The staging machine does not have to be anywhere near as powerful as
the production server if finances are stretched. The staging machine
is generally used only for staging; it does not require much
processor power or memory since only a few developers are likely to
use it simultaneously. Even if several developers are using it at the
same time, the load will be very low, unless of course benchmarks are
being run on it along with programs that create a load similar to
that on the production server (in which case the staging machine
should have hardware identical to that of the production machine).
Production
The production
tier might include a single machine or a huge cluster comprising many
machines.
You can also have the staging and production servers running on the
same machine. This is not ideal, especially if the production server
needs every megabyte of memory and every CPU cycle so that it can
cope with high request rates. But when a dedicated machine just for
staging purposes is prohibitively expensive, using the production
server for staging purposes is better than having no staging area at
all.
Another possibility is to have the staging environment on the
development machine.
So how does this three-tier scheme work?
Developers write the code on their machines (development tier) and
test that it works as expected. These machines should be set up with
an environment as similar to the production server as possible. A
manageable and simple approach is to have each developer running his
own local Apache server on his own machine. If the code relies on a
database, the ideal scenario is for each developer to have access to
a development database account and server, possibly even on their own
machines.
The pre-release manager installs the code on the staging tier machine
and stages it. Whereas developers can change their own
httpd.conf files on their own machines, the
pre-release manager will make the necessary changes on the staging
machine in accordance with the instructions provided by the
developers.
The release manager installs the code on the production tier
machine(s), tests it, and monitors for a while to ensure that things
work as expected.
Of course, on some projects, the developers, the pre-release
managers, and the release managers can actually be the same person.
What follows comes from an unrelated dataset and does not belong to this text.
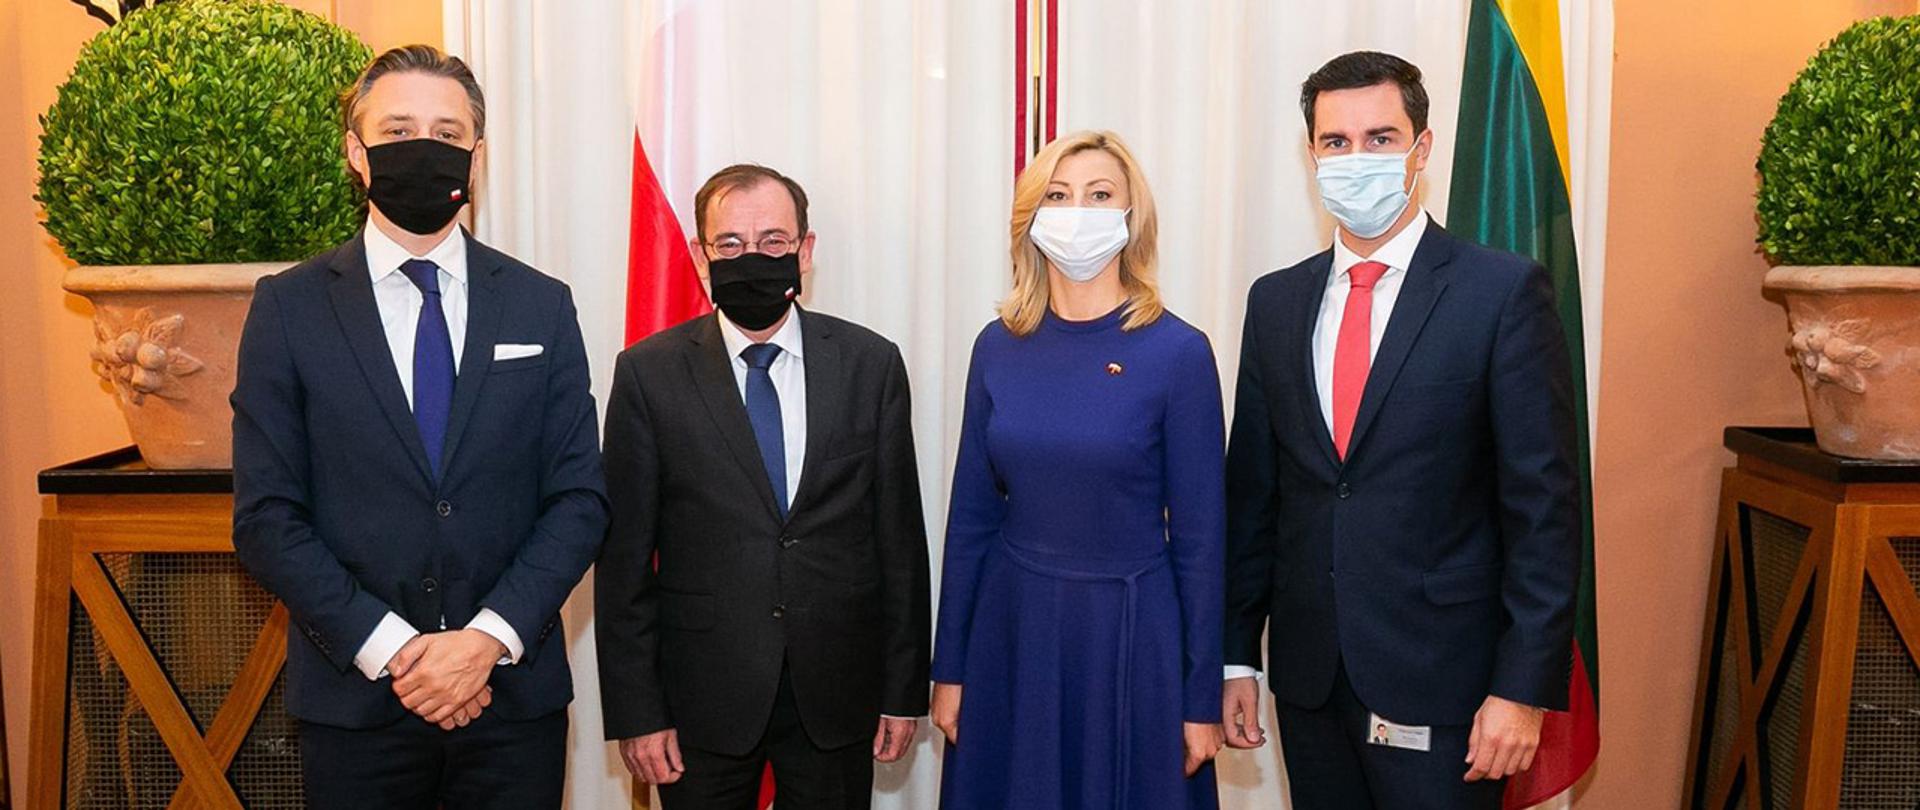 Na zdjęciu: minister Mariusz Kamiński, minister Rita Tamašunienė, wiceminister Bartosz Grodecki oraz kanclerz Valdemar Urban pozują do wspólnego zdjęcia

On larger projects, where different people perform these roles and
many machines are involved, preparing upgrade packages with a
packaging tool such as RPM becomes even more important, since it
makes it far easier to keep every machine's
configuration and software in sync.
Now that we have described the theory behind the three-tier approach,
let us see how to have all the code independent of the machine and
base directory names.
Although the example shown below is simple, the real configuration
may be far more complex; however, the principles apply regardless of
complexity, and it is straightforward to build a simple initial
configuration into a configuration that is sufficient for more
complex environments.
Basically, what we need is the name of the machine, the port on which
the server is running (assuming that the port number is not hidden
with the help of a proxy server), the root directory of the web
server-specific files, the base directories of static objects and
Perl scripts, the appropriate relative and full URIs for these base
directories, and a support email address. This amounts to 10
variables.
We prepare a minimum of three Local::Config
packages, one per tier, each suited to a particular
tier's environment. As mentioned earlier, there can
be more than one machine per tier and even more than one web server
running on the same machine. In those cases, each web server will
have its own Local::Config package. The total
number of Local::Config packages will be equal to
the number of web servers.
For example, for the
development tier, the configuration
package might look like Example 5-3.
Example 5-3. Local/Config.pm
package Local::Config;
use strict;
use constant SERVER_NAME => 'dev.example.com';
use constant SERVER_PORT => 8000;
use constant ROOT_DIR => '/home/userfoo/www';
use constant CGI_BASE_DIR => '/home/userfoo/www/perl';
use constant DOC_BASE_DIR => '/home/userfoo/www/docs';
use constant CGI_BASE_URI => 'http://dev.example.com:8000/perl';
use constant DOC_BASE_URI => 'http://dev.example.com:8000';
use constant CGI_RELATIVE_URI => '/perl';
use constant DOC_RELATIVE_URI => '';
use constant SUPPORT_EMAIL => 'stas@example.com';
1;
The constants have uppercase names, in accordance with Perl
convention.
The configuration shows that the name of the development machine is
dev.example.com, listening to port 8000. Web
server-specific files reside under the
/home/userfoo/www directory. Think of this as a
directory www that resides under user
userfoo's home directory,
/home/userfoo. A developer whose username is
userbar might use
/home/userbar/www as the development root
directory.
If there is another web server running on the same machine, create
another Local::Config with a different port number
and probably a different root directory.
To avoid duplication of identical parts of the configuration, the
package can be rewritten as shown in Example 5-4.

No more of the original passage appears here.